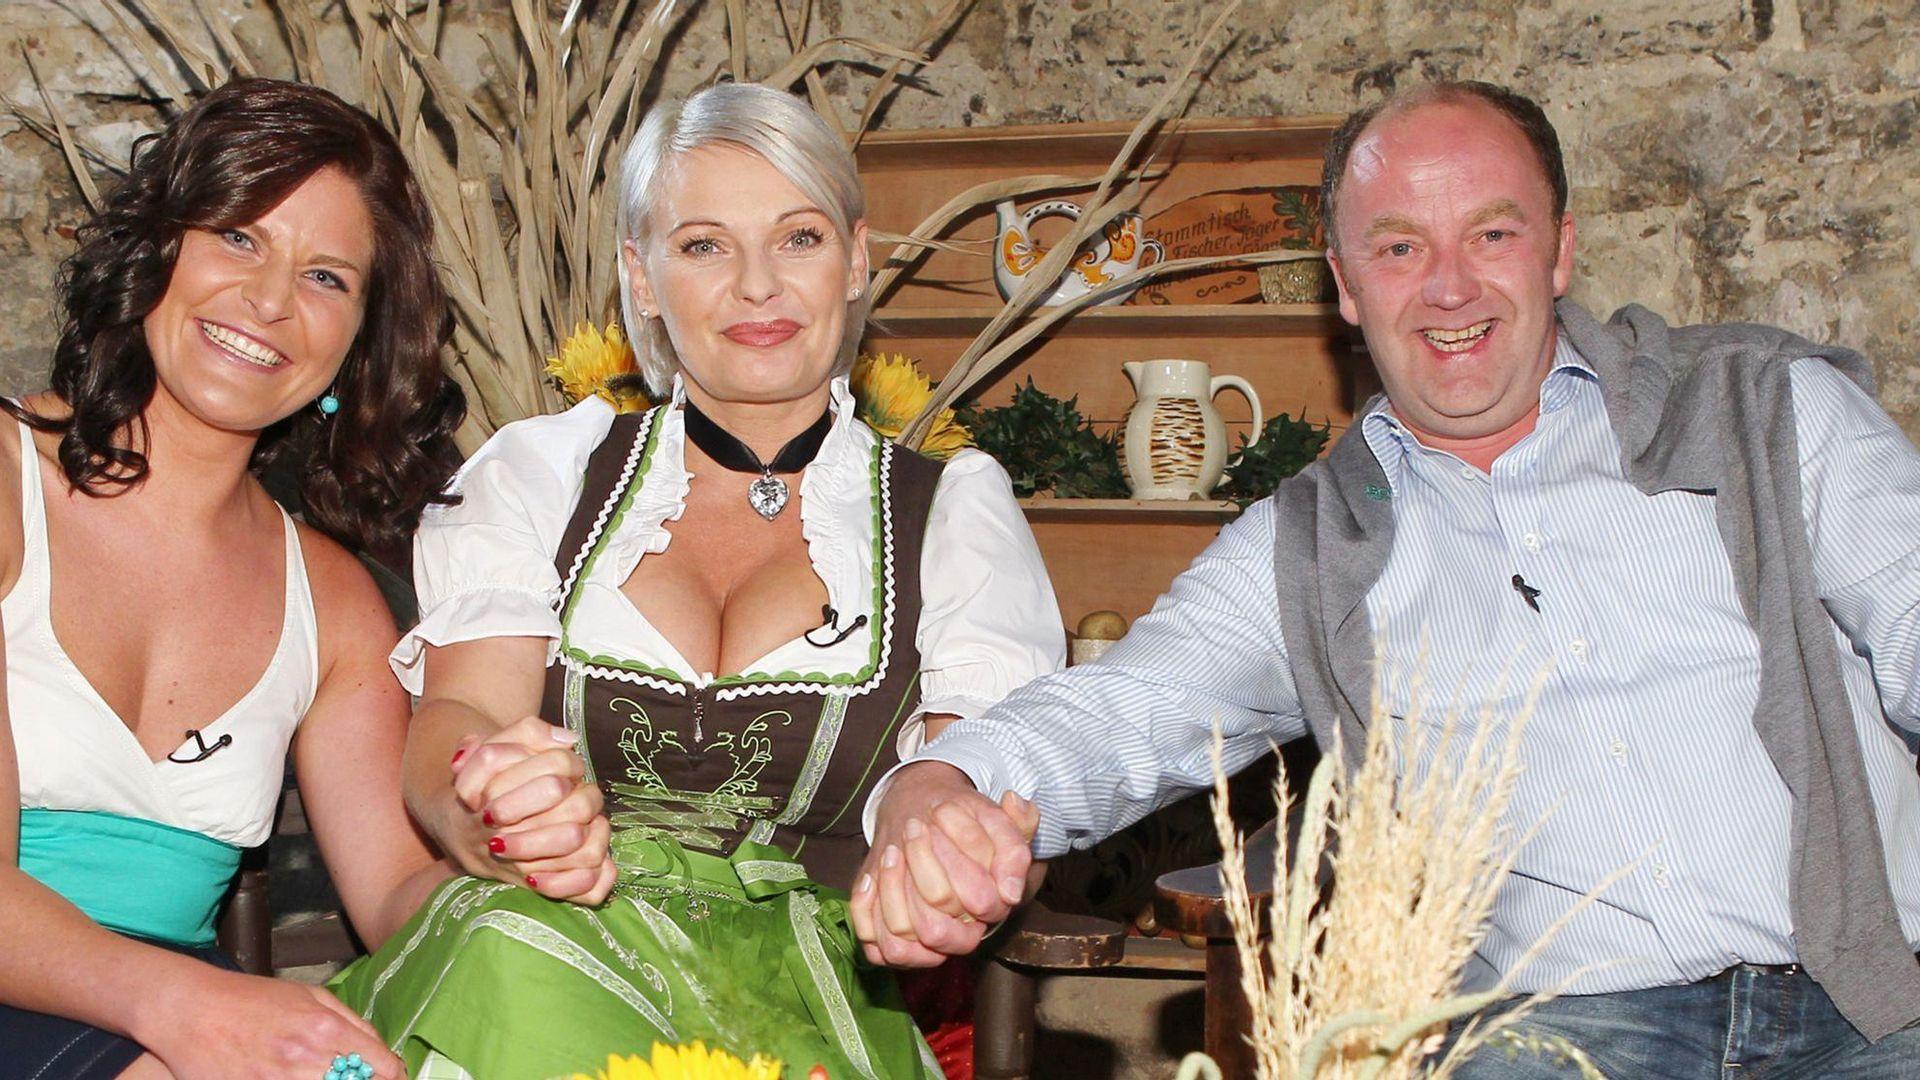 Bauer Sucht Frau 2012
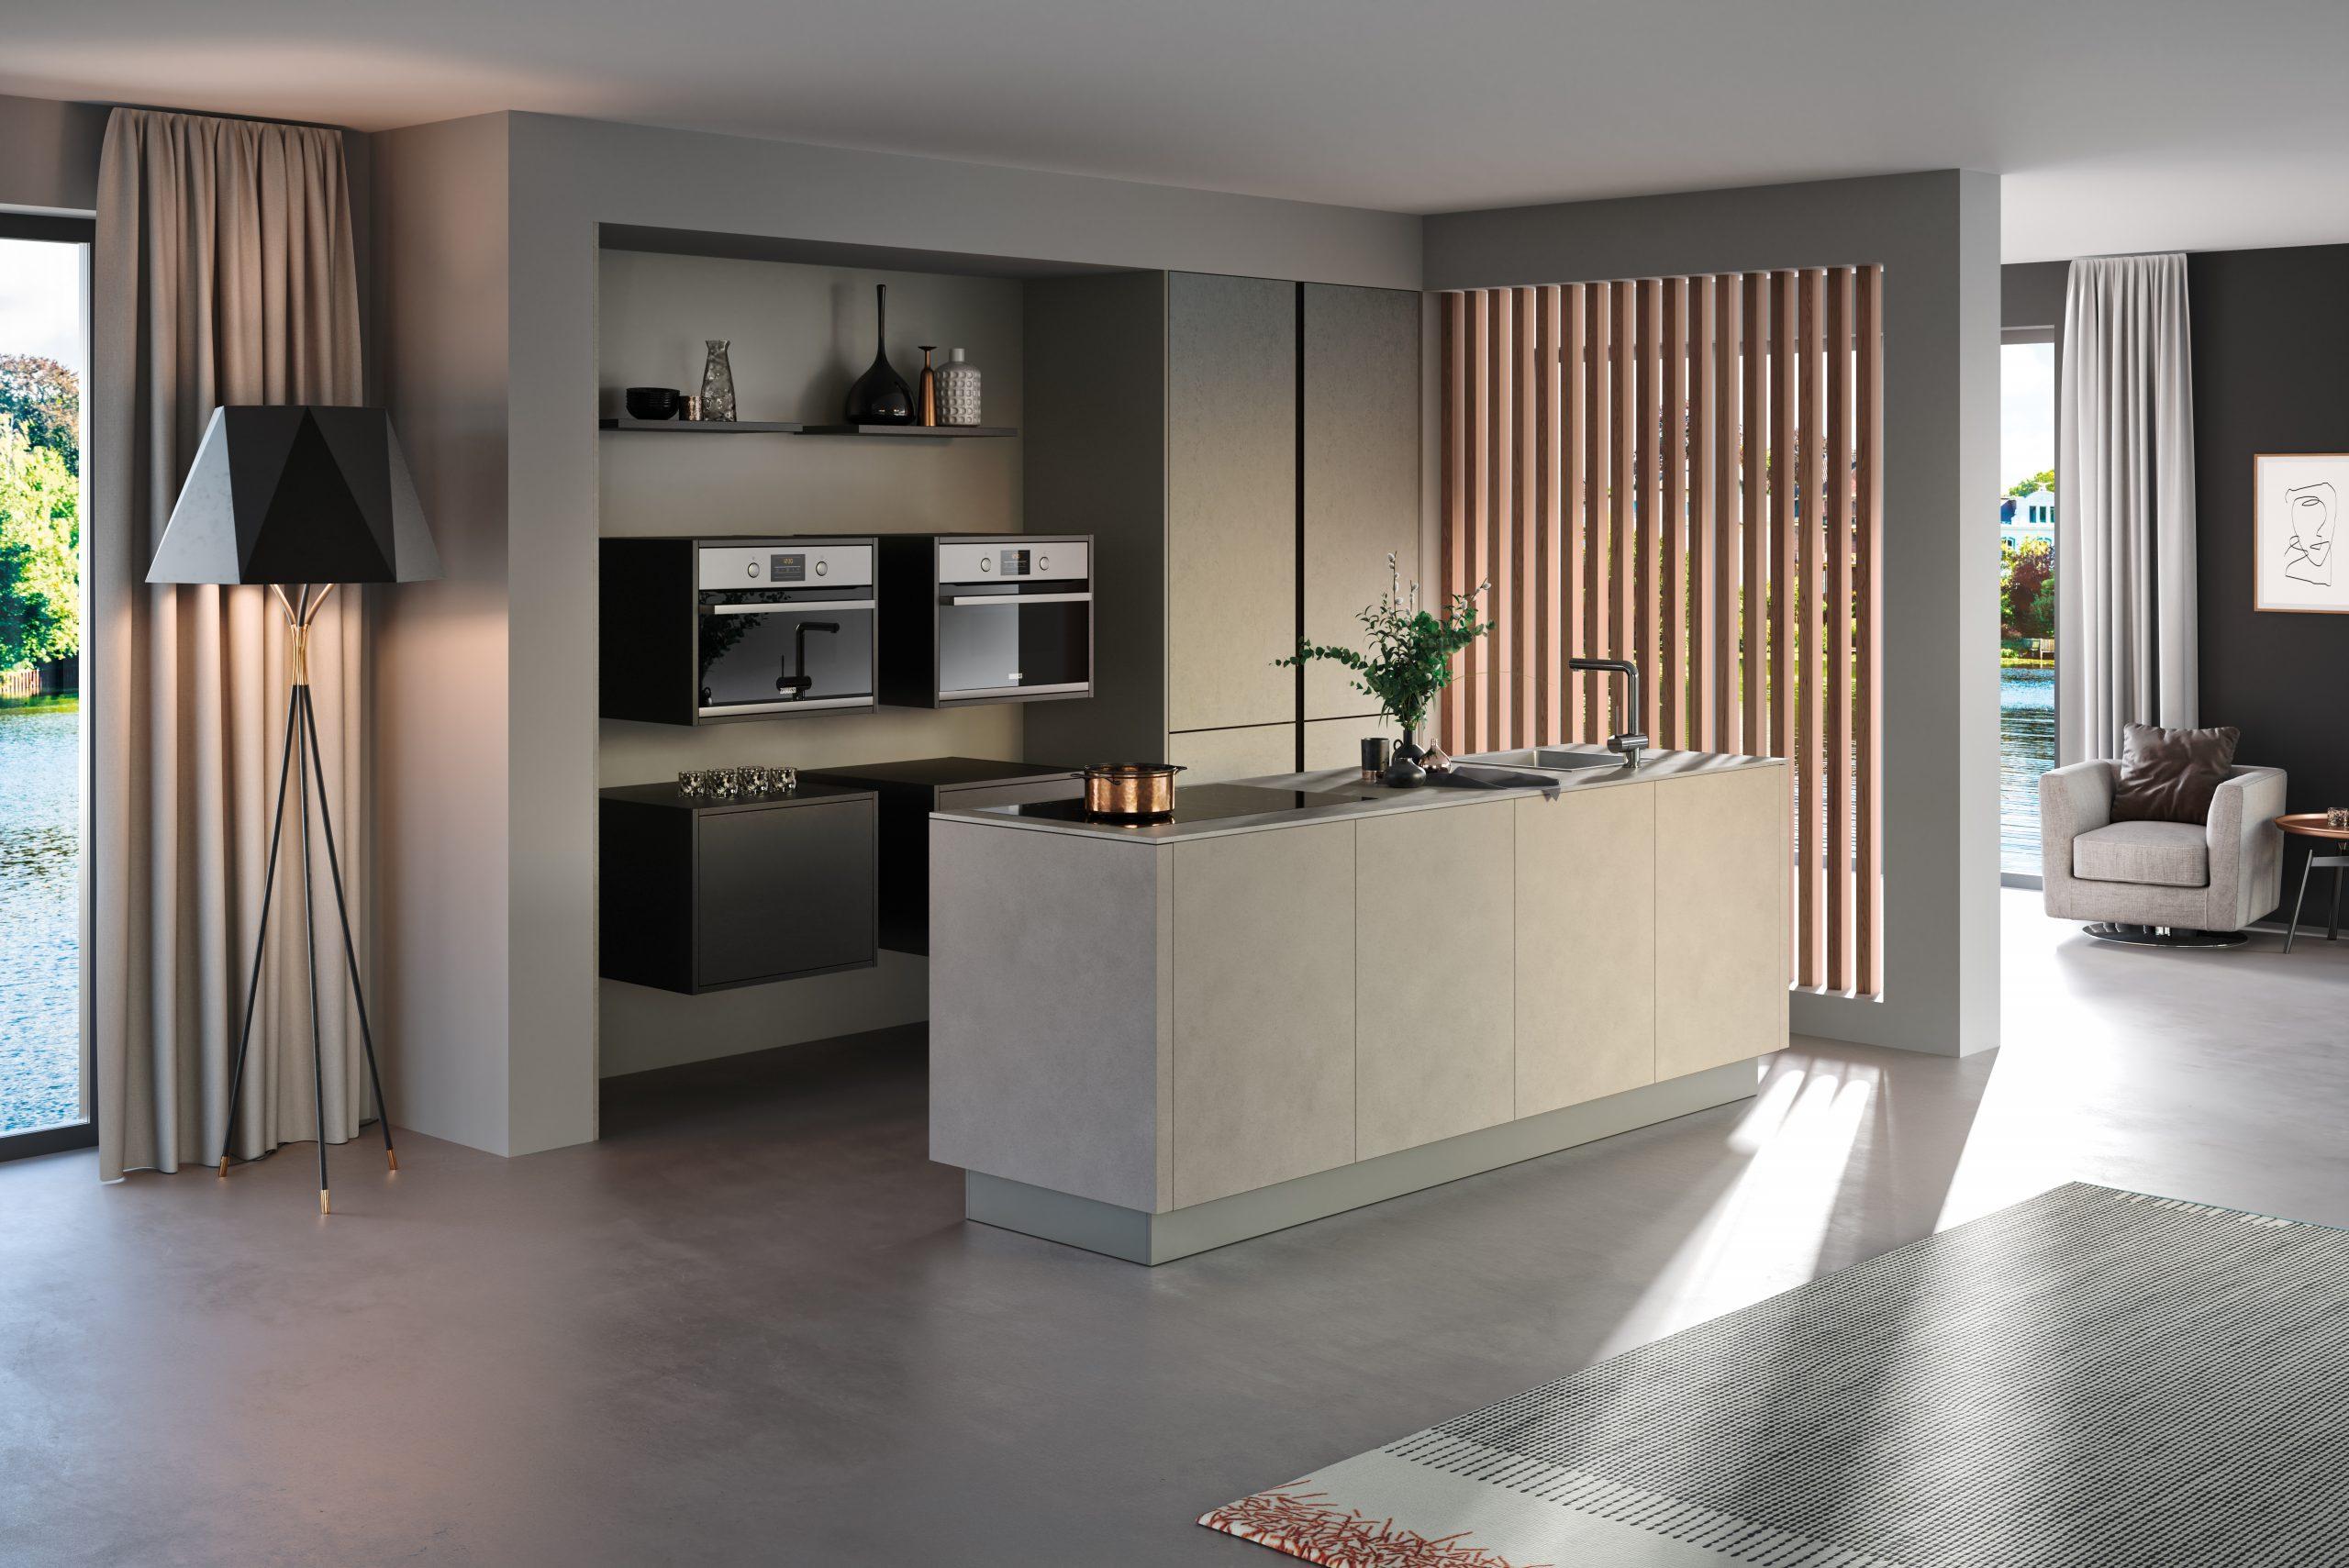 Steenhuizen keukens
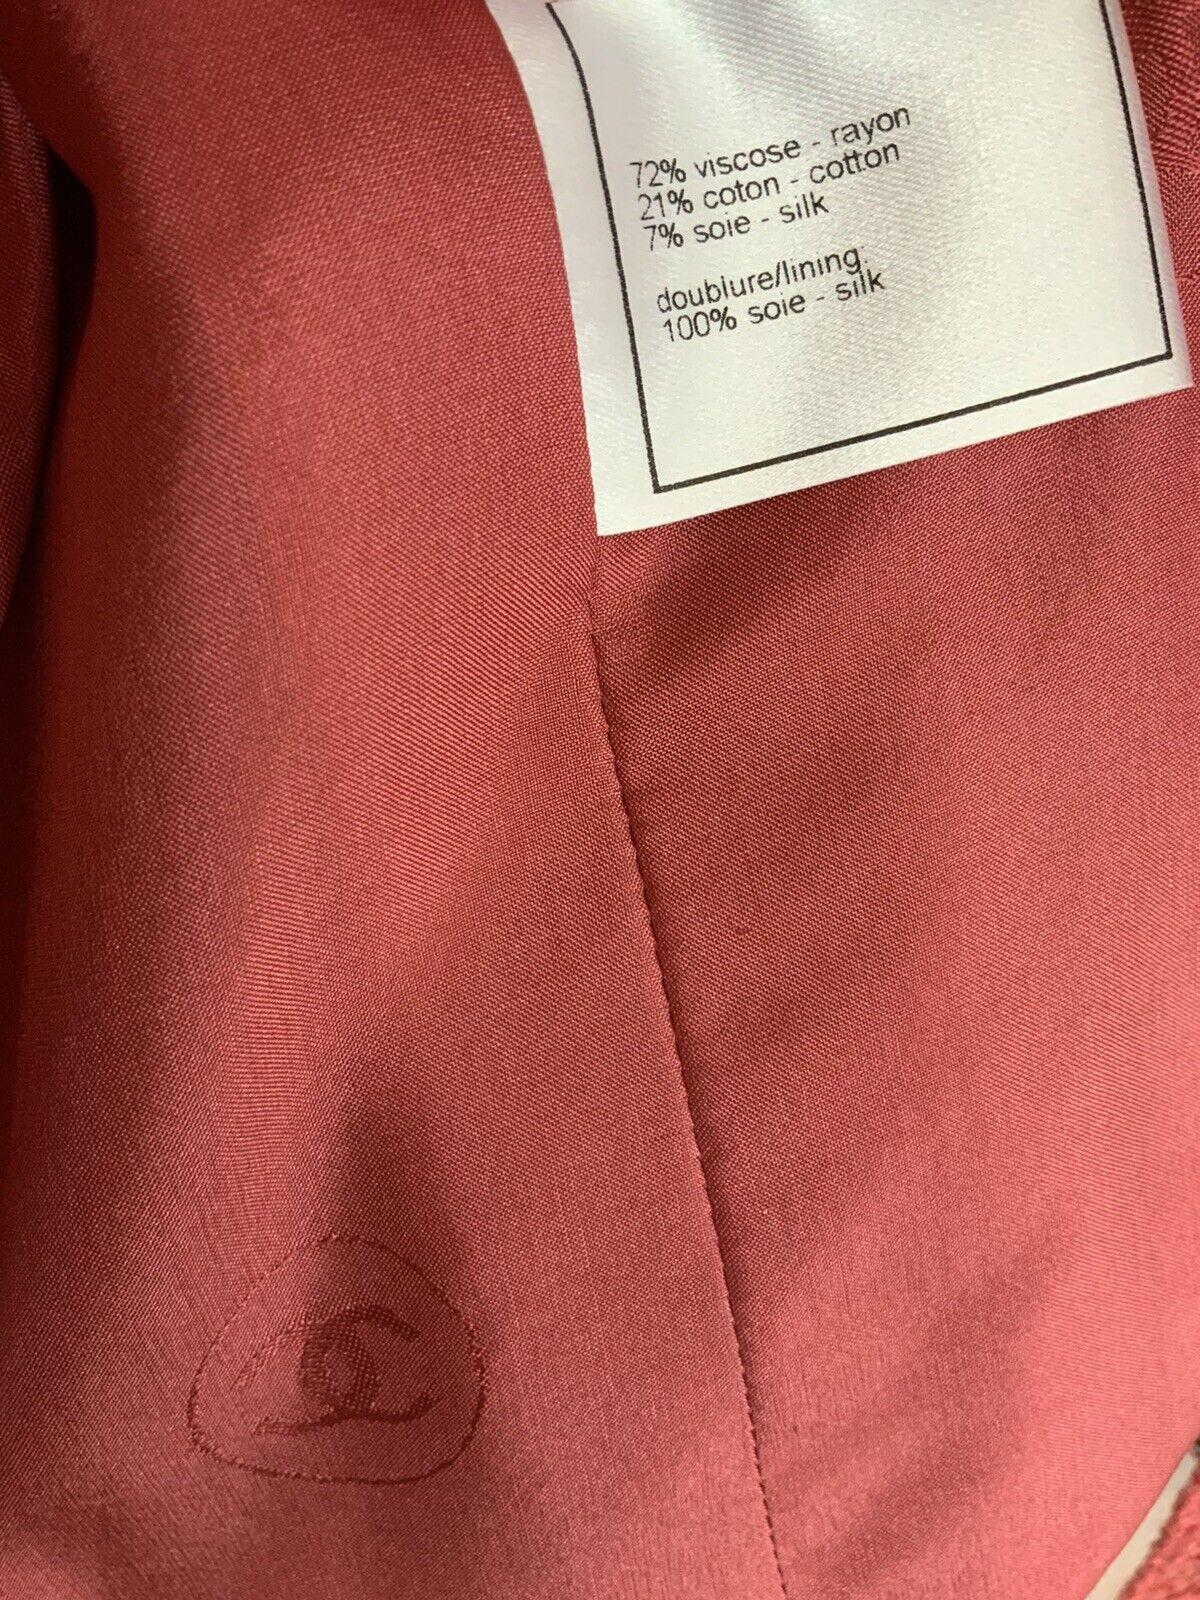 Authentic Chanel jacket - image 9

•••

> **Your assignment**
All of the material above is to be copied exactly, with no pictures.

> **Exercise result**
 Bauer Sucht Frau 2012
 Steenhuizen keukens
 Authentic Chanel jacket - image 9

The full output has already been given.